Output from spreadsheet:
date temp monitor trend change_in_trend
12/4/2003 100 97.00 warming false
12/5/2003 101 97.97 warming false
12/8/2003 100 97.97 warming false
12/9/2003 102 98.94 warming false
12/10/2003 101 98.94 warming false
12/11/2003 100 98.94 warming false
12/12/2003 99 98.94 warming false
12/15/2003 98 98.94 cooling true
12/16/2003 97 98.94 cooling false
12/17/2003 96 98.88 cooling false
12/18/2003 95 97.85 cooling false
12/19/2003 96 97.85 cooling false
12/22/2003 97 97.85 cooling false
12/23/2003 98 97.85 warming true
12/24/2003 99 97.85 warming false
12/26/2003 100 97.85 warming false
12/29/2003 101 97.97 warming false
Assumptions:
percent_monitor = .03
warming_factor = 1 - percent_monitor
cooling_factor = 1 + percent_monitor
In my spreadsheet, I setup the columns in the first row as:
monitor = temp * warming_factor
trending = warming
change_in_trend = false
All remaining rows are derived based on current and previous row's column values.
monitor column logic:
if temp > prev_monitor:
if temp > prev_temp:
if temp * warming_factor > prev_monitor:
monitor = temp*warming_factor
else:
monitor = prev_monitor
else:
monitor = prev_monitor
else:
if temp < prev_monitor:
if temp * cooling_factor < prev_monitor:
monitor = temp * cooling_factor
else:
monitor = prev_monitor
else:
monitor = prev_monitor
trending column logic:
if temp > prev_monitor:
trending = warming
else:
trending = cooling
change in trend column logic:
if current_trend - previous_trend:
change_in_trend = false
else:
change in trend = true
I was able to iterate through a dataframe and apply the logic with no problem. However, performance is horrible over thousands of rows.
I've been trying to do this in a more 'pandas' like way but have failed in every attempt.

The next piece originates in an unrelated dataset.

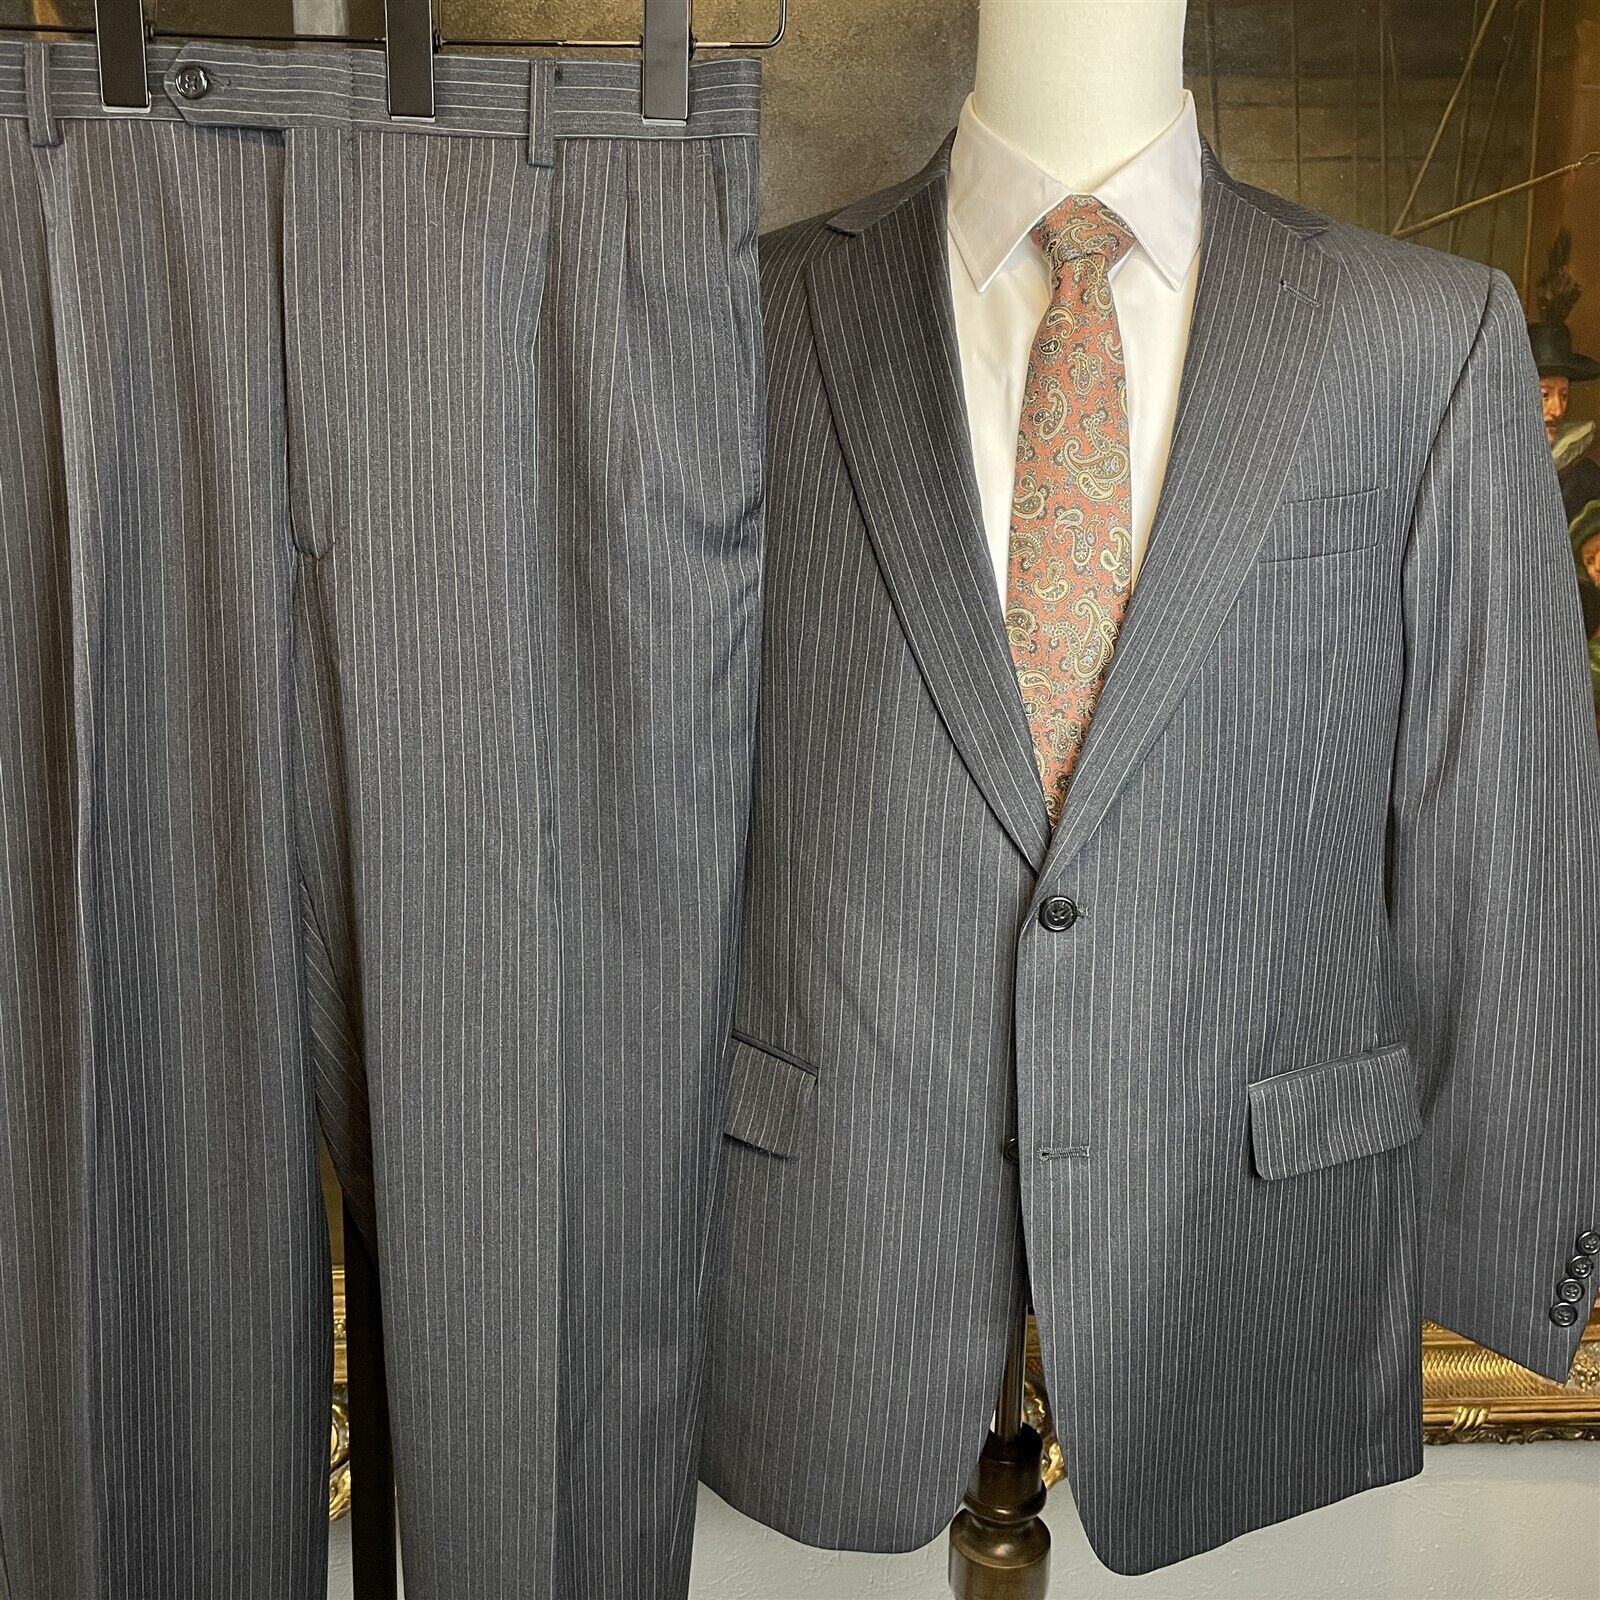 Hart Schaffner Marx 41R 34 x 32 USA MADE 2Pc Gray Pinstriped 100% Wool 2Btn Suit

Without embarrassing myself by pasting my code attempts, is there anyone that could offer me some help?
Thanks in advance!
Upvotes: 2
Views: 139
Reputation: 215
Because you are looking to just move this over to Python and are not set up Pandas in particular, I went for a non-pandas approach. I used your example rows and did 47124
rows in 0.182
seconds.
Pandas is really good and intuitive for some use cases, but can get extremely slow for iteration. This page explains some of the slower uses of Pandas one of them mainly being index iteration. A pandas-ey way to do this would to be to take advantage of 5. Vectorization with NumPy arrays
, but your use case seems straightforward enough that this might be overkill and might not be worth it (given that your name is PythonNoob).
For the sake of both clarity and speed, a simple use of the more basic python functions can get you the speed you want.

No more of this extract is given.